中性脂肪はトリグリセライド(トリグリセリド)ともいいますが、「トリ」はラテン語で「3」のことです。

中性脂肪は、いわゆるよくいわれる「脂肪」のことです。

中性脂肪はどこから来てどこに行く?

中性脂肪は、小腸で吸収された後、体内を移動して身体中に運ばれます。
身体中に運ぶためには、リンパ液や血液に溶ける必要があります。
しかし中性脂肪は『脂肪』、いわゆるあぶらなので、そのままではリンパ液や血液に溶けることができません。

そこで、たんぱく質と結合して『リポたんぱく質』となることで、リンパ液や血液に溶けて移動することができるようになります。
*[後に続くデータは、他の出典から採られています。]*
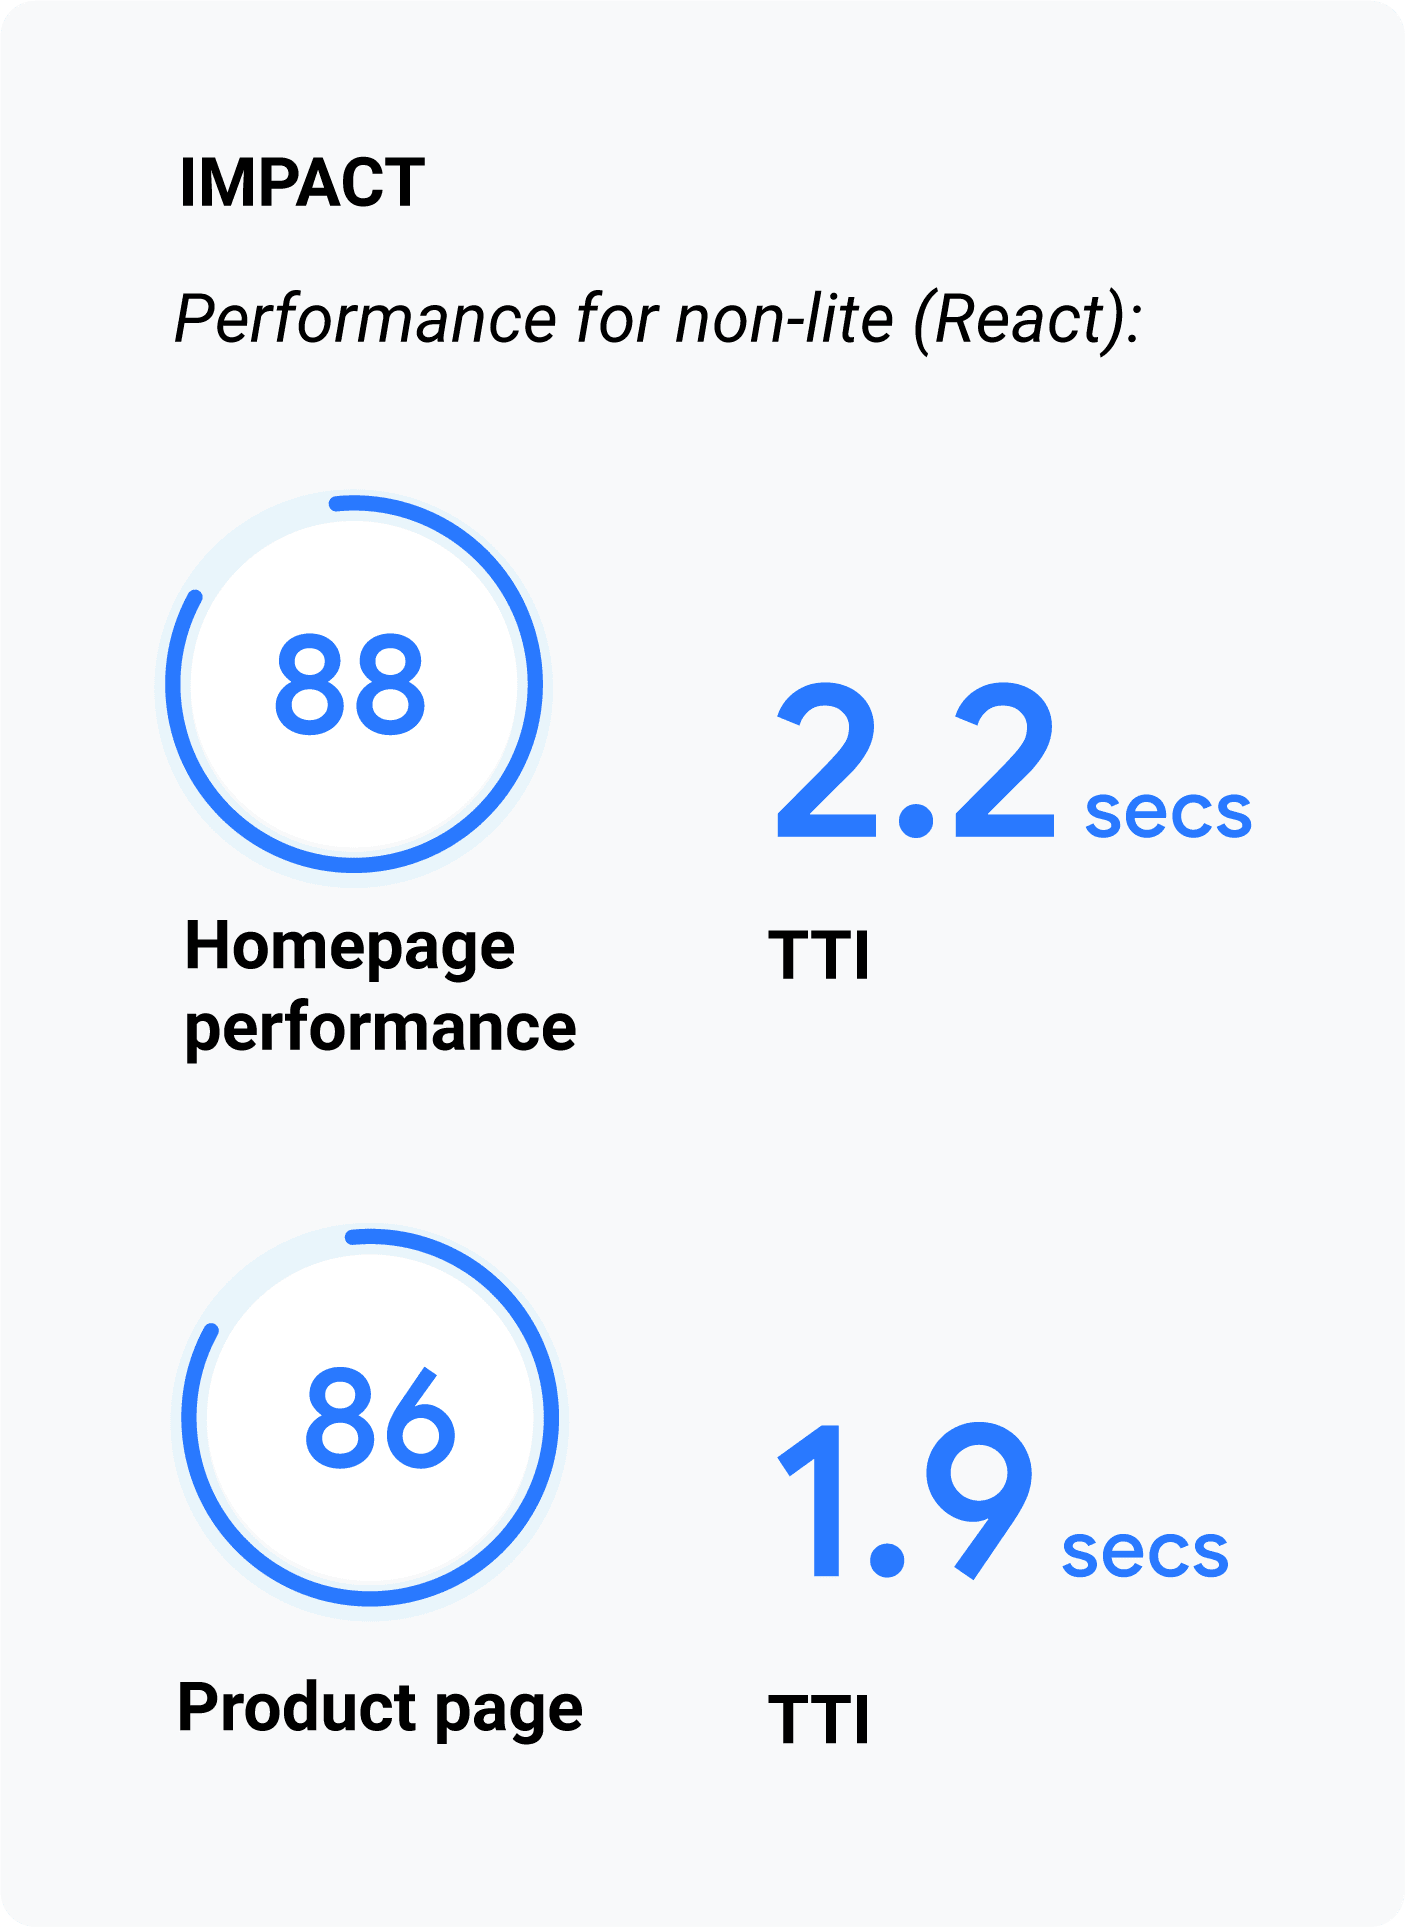 首页上的 TTI 得分为 2.2 秒（Lighthouse 得分：88）。产品页面上的 TTI 分数为 1.9 秒（Lighthouse 得分：86）。
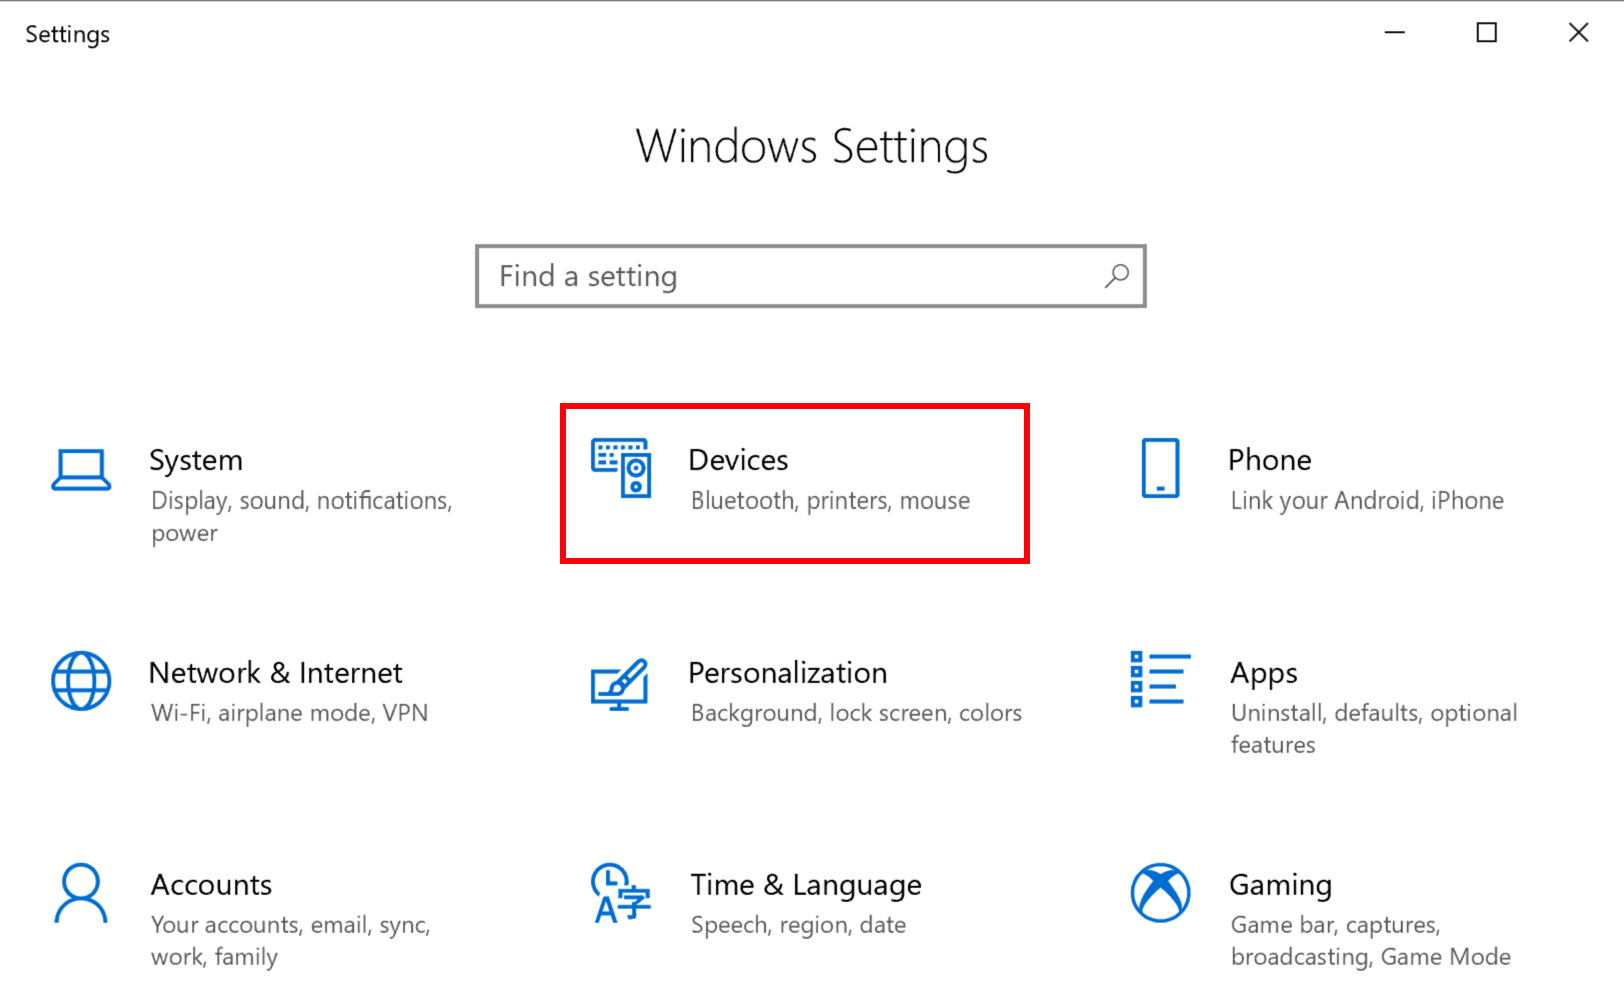 La página Configuración de Windows abierta con el ícono Dispositivos resaltado con un cuadro rojo.

ですから、血液中の中性脂肪が高いという状態は、正確にいうと
血液中に中性脂肪を多く含むリポたんぱく質が増えた状態」になります。

血液中の中性脂肪は、
・食事に含まれる中性脂肪が血液中に放出されたもの(外因性)
・肝臓でつくられた中性脂肪が血液中に分泌されたもの(内因性)
とがあります。
リポたんぱく質というかたちになった中性脂肪は、身体を巡って筋肉・脂肪や肝臓などの全身の臓器に取り込まれていきます。
そして、エネルギーとして使われたり、貯蔵されたりします。

臓器に取り込まれる時に大事なはたらきをするのが、リポたんぱく質リパーゼという酵素です。
リポたんぱく質リパーゼによって、リポたんぱく質中の中性脂肪が分解されて脂肪酸やグリセリンとなり、
細胞に取り込まれることになります。

中性脂肪が高いとどうなるの?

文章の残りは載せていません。